In her keynote speech at ODSC East 2024, Carolyn Rosé, Professor of Language Technologies and Human-Computer Interaction at Carnegie Mellon University, discussed with attendees new techniques that allow for the leveraging of LLMs in their approaches to text mining and conversational data mining. You can watch the entire keynote here on Ai+ Training.

The Pursuit of Minimal Knowledge Engineering

For decades, NLP has pursued the goal of minimizing human knowledge engineering. The idea is to design models that can automatically learn from data, reducing the need for extensive human input. However, each new generation of machine learning research rekindles the old debate: should more effort be invested in knowledge engineering, or should the focus be on leveraging what can be directly gleaned from data?

The Role of Formal Representations in NLP

Formal representations involve meticulously crafting models based on well-defined rules and structured knowledge of languages. These representations are pivotal in ensuring that NLP models are not just effective but also interpretable and reliable, particularly in specialized or restricted domains where precision is paramount. Recent advancements in neural-symbolic approaches to NLP highlight the potential of integrating formal representations with neural learning techniques. These approaches have shown promising results, providing enhanced model robustness by incorporating structured linguistic and domain knowledge.

Nevertheless, formal methods are not without challenges according to Carolyn Rosé. Identifying high-utility abstractions and managing strategic exceptions often necessitate external data sources. The process of integrating these formal systems with the more fluid, generalizable insights derived from large datasets poses significant hurdles, requiring a delicate balance between structured knowledge and adaptive learning.

Large Language Models: A Paradigm Shift

Conversely, Large Language Models like GPT and BERT have shifted the paradigm by demonstrating that models trained on vast datasets can achieve remarkable understanding and generation capabilities. These models leverage massive amounts of text to learn a broad range of language patterns and nuances, which can then be applied to a variety of NLP tasks without domain-specific tuning.

Recent developments have seen LLMs being utilized to augment data representations in NLP, offering a more flexible approach compared to strictly formal methods. By dynamically integrating insights from large-scale data, LLMs can adapt to new contexts and domains more effectively, making them particularly valuable in applications requiring broad generalizability and up-to-date knowledge.

Bridging the Gap

Carolyn Rosé continued by exploring the ongoing research aimed at enhancing the availability and utility of both formal and informal representations of language. It examines the productive tension between these approaches and seeks ways to harness their respective strengths. For instance, blending the precision of formal representations with the scalability and adaptability of LLMs could lead to the development of hybrid models that excel in both specific and general applications.

Looking ahead, the challenge for NLP practitioners is to continue exploring this space of tensions to find optimal strategies for utilizing vast textual resources.
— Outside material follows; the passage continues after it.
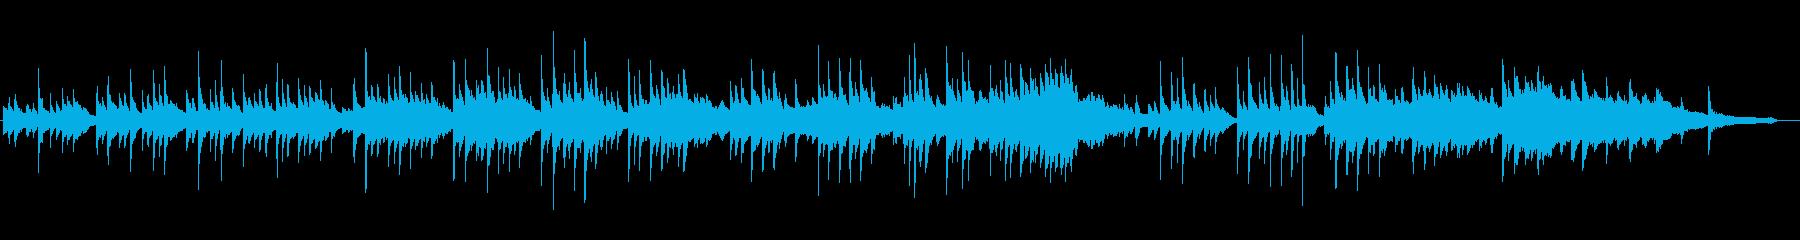 日本的な旋律のピアノソロ曲の再生済みの波形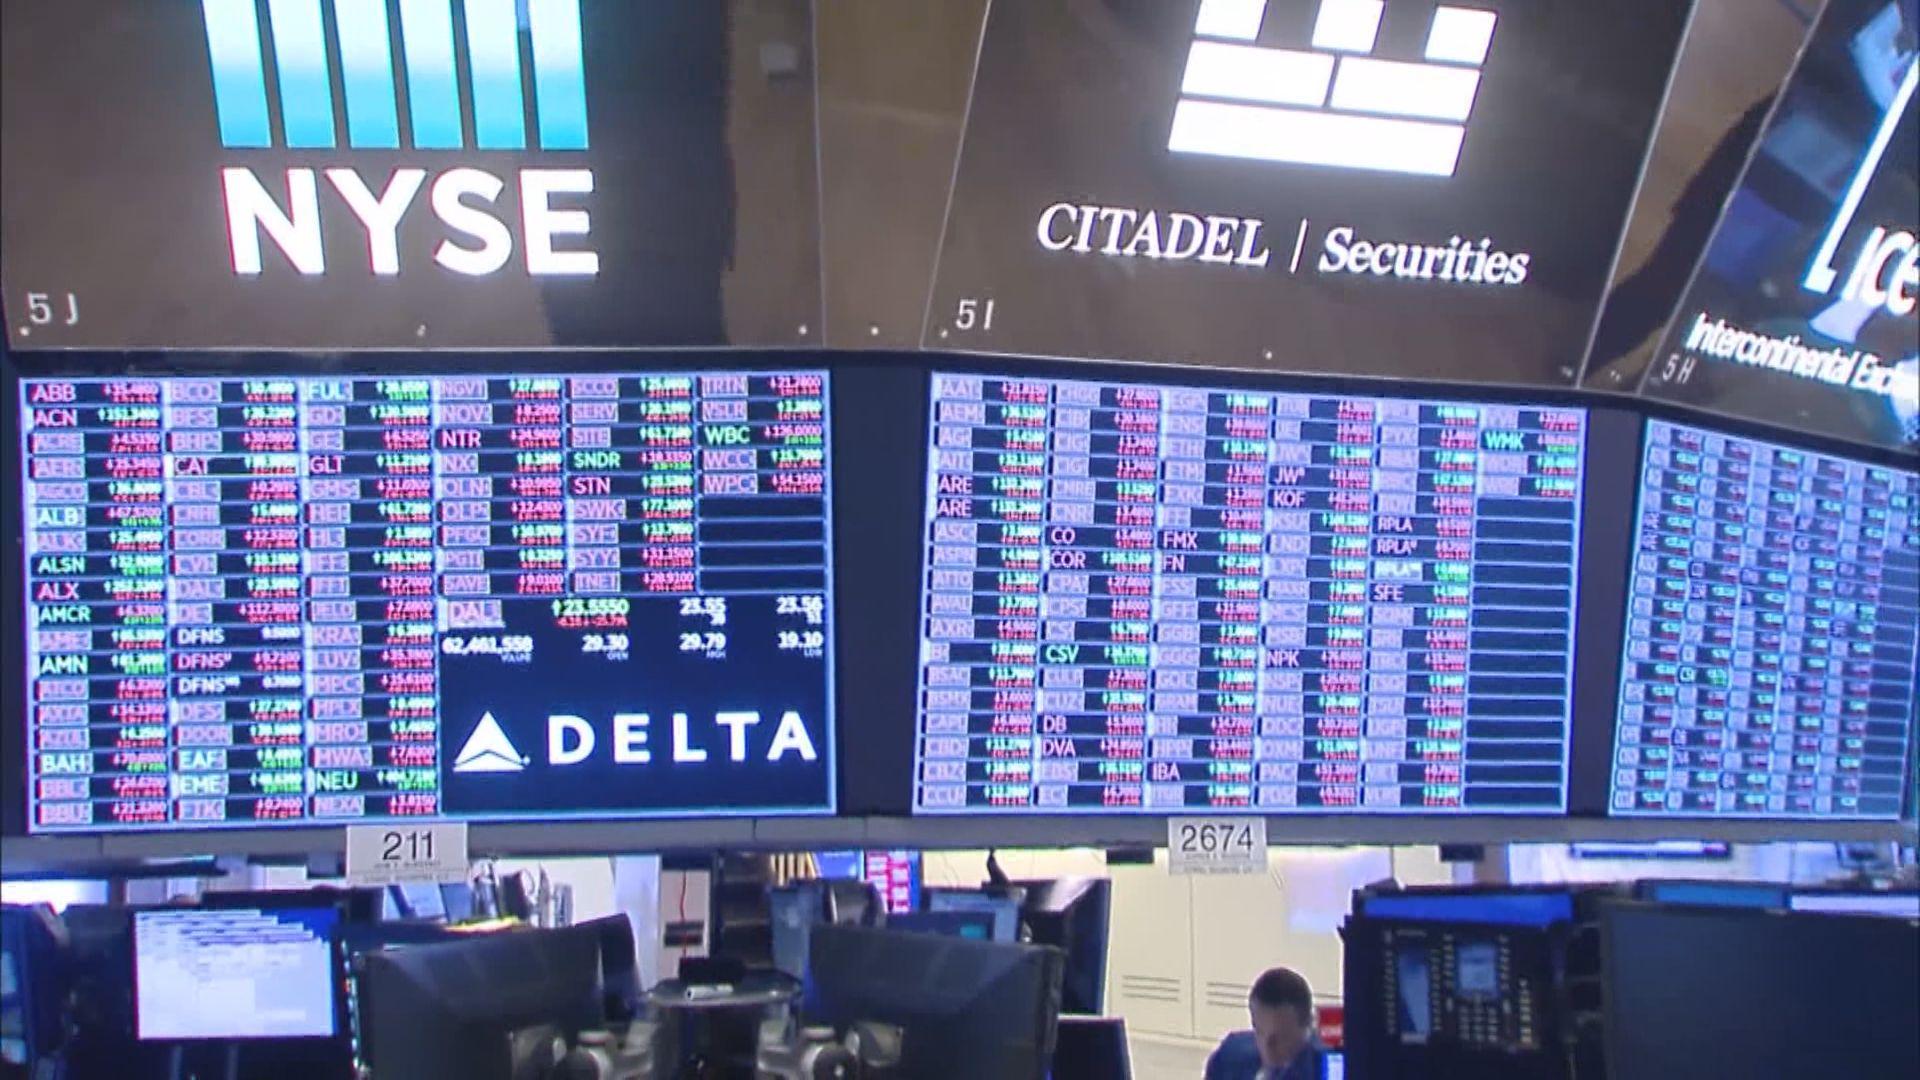 美國國務院警告當地大專院校不要投資中概股 外交部:不符中美雙方資本市場利益

By understanding the strengths and limitations of different approaches, researchers can better design systems that not only perform well across various tasks and domains but also push the boundaries of what automated text processing can achieve.

If you enjoyed this overview, then you won’t want to miss another keynote. Check out ODSC’s next conference, at ODSC Europe and enjoy 40 trainings/workshops, 130 hybrid sessions, and more! If you become one of the first attendees to ODSC Europe, you’ll save 75% by buying early. Not long after this is also ODSC West this October 29th-31st!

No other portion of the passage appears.